The whole point of joining KKG, Holtmeier told Independent Women’s Forum (IWF), was to meet like-minded girls who had similar goals and could be her lifelong friends. But according to Holtmeier, after her first year, “that was not the case anymore.”

“‘Artemis, this is Hannah,’” Holtmeier recalled one of her sisters saying during a formal recruitment session her sophomore year. Artemis Langford, a young male identifying as a transgender woman, reportedly came to KKG with a list of questions prepared for his potential sorority sisters, to ask them “how he would be accepted, and how he would fit in.”

Holtmeier said no one felt a connection with Langford, and that this “very odd interaction” seemed as though it would be the last. It wasn’t. During informal recruitment—the period where sororities work to fill slots that didn’t get filled during the first round—Holtmeier said that, unbeknownst to her and many other KKG sisters, Langford “basically was slid under the door and somehow given a bid,” in what she called a “very backdoor process.”

Holtmeier and the other ladies in KKG were then forced to accept Langford as one of their “sisters.” This opened up a Pandora’s box of uncomfortable moments.

“Sororities are an intimate space,” Holtmeier said, describing how 30 to 40 girls live in the KKG house at a time. In addition to being where many sisters eat, sleep, shower, get dressed, and study, her sorority house also served as a home base for all members of KKG to unwind from the chaos of college life and “be a girl.”

“When there’s a six-foot-two man sitting in the corner, just watching,” she said, “it’s just hard to do that.” 

Holtmeier said that Langford would often sit in their house but not engage in conversation with any of the sisters. Instead, he would just observe the girls and not make any effort to integrate into their sisterhood. 

When she rushed KKG, Holtmeier thought she was signing up for an all-girls environment where she could be vulnerable and herself. “It’s not possible to do that when there’s a man sitting there listening,” she said. “You can’t have those girl conversations with a man sitting at the table next to you, just observing.”

In October 2022, Langford took to their school newspaper, the Branding Iron, to announce that he had become a transgender-identifying member of KKG. In response, Holtmeier decided that “if he can do it,” she could publicize her thoughts on his membership. 

She first spoke to National Review anonymously, telling reporter and IWF Fellow Caroline Downey that KKG’s president and membership chair dismissed her discomfort with the situation, while elder sorority members “pressured” her and her fellow sisters to accept Langford as one of their own. 

She described Langford as having not “fully transitioned,” meaning that from her observations, Langford still had facial hair and “made no efforts to physically look like a girl.”

Speaking to National Review, Holtmeier said, helped her and a small cohort of like-minded sisters connect with a group of KKG alumnae who were similarly opposed to a male joining a female sorority.

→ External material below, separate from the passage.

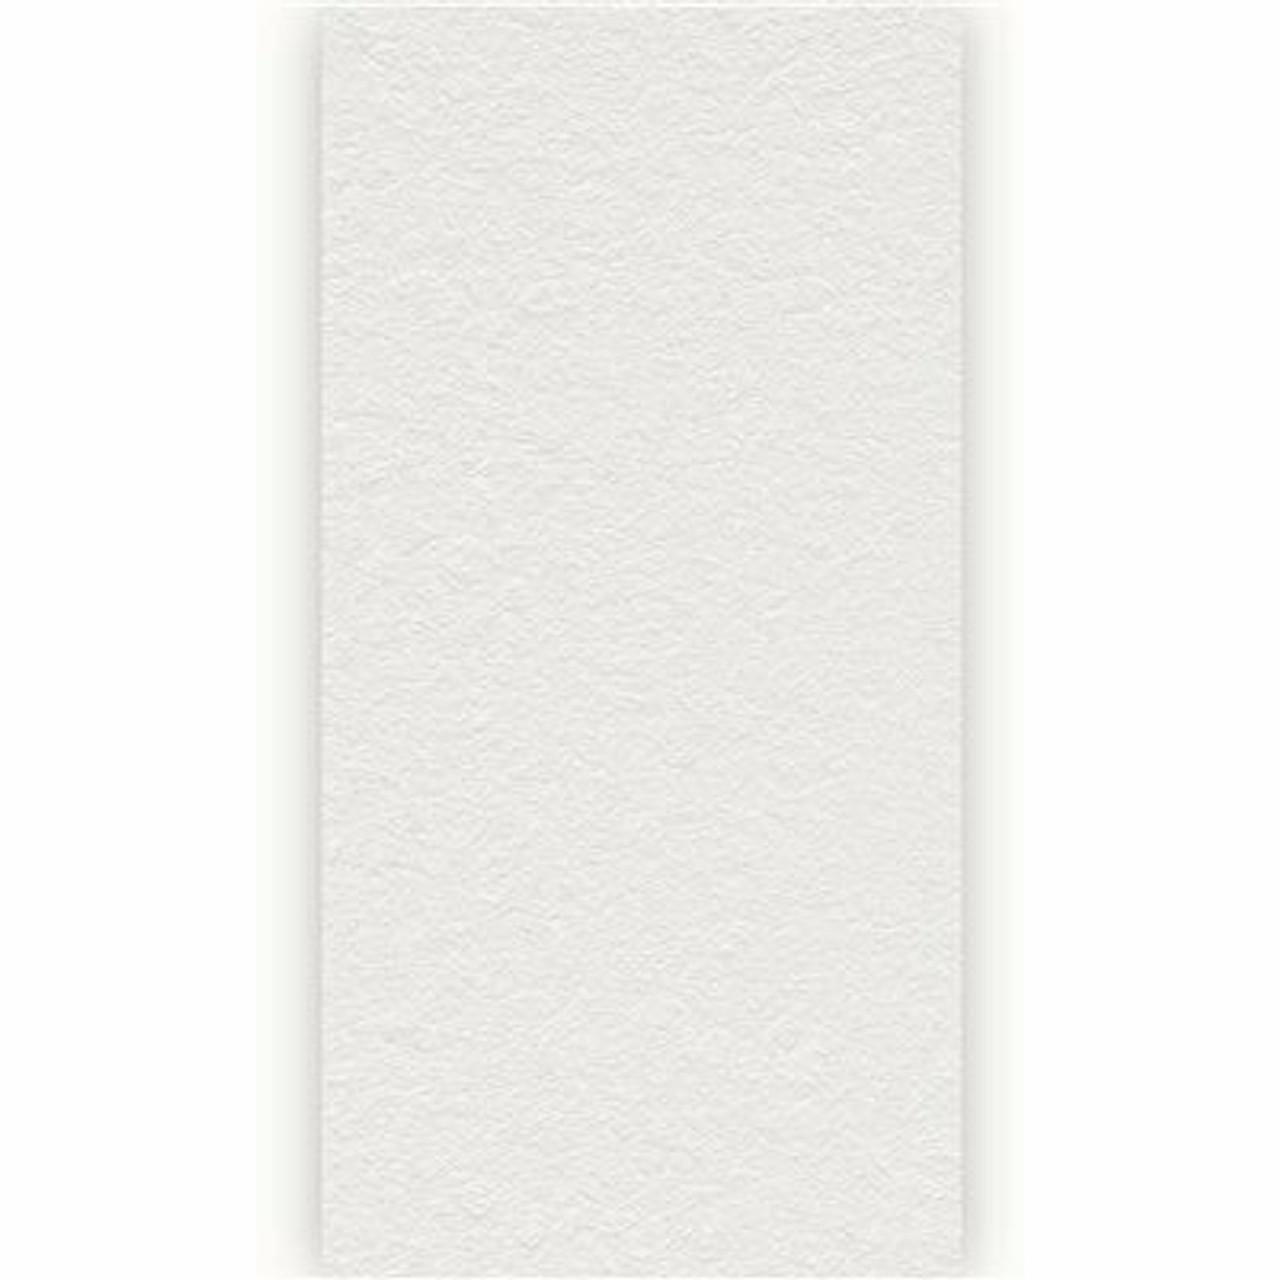 Toptile White 2 Ft. X 4 Ft Square Edgefiberglass Lay-In Ceiling Panels(1 Pallet Contains 1,920 Sq Ft)

With the support of allied alumni, Holtmeier and six other KKG sisters moved to sue sorority leadership in March 2023 for breaching their duties to the sorority itself, captured in the KKG Bylaws’ requirement for women-only membership. The suit describes that KKG leadership purposefully avoided other Bylaws to ensure Langford’s admission, like foregoing the anonymous vote requirement and the requirement that all members vote. Neither condition, according to Holtmeier, was met.

When the lawsuit first became public, Holtmeier said she felt an intense, constant “‘all eyes on you’ type of feeling.” But, despite how many negative comments she and her sisters faced online, she said that, in person, “no one really had the nerve to actually talk to us.”

Holtmeier described the entire experience as a “mental roller coaster.” However, she added, through thick and thin, her fellow plaintiffs have had each others’ backs—even when their sorority publicly doubled down on its decision to admit Langford, calling the lawsuit “frivolous.” 

And when a U.S. District Court judge denied their request to remain anonymous and required their names be made public, the sisters were again there for one another.

Though Holtmeier and her fellow sisters pursuing the lawsuit were unexpectedly thrust into the spotlight, she’s now owning it, making it her mission to ensure that other girls and women aren’t forced to integrate males into women-only spaces.

“I’m not going to quit before we define what a woman is, that’s for sure,” Holtmeier said. “I’m not going to stop until that’s set in stone.”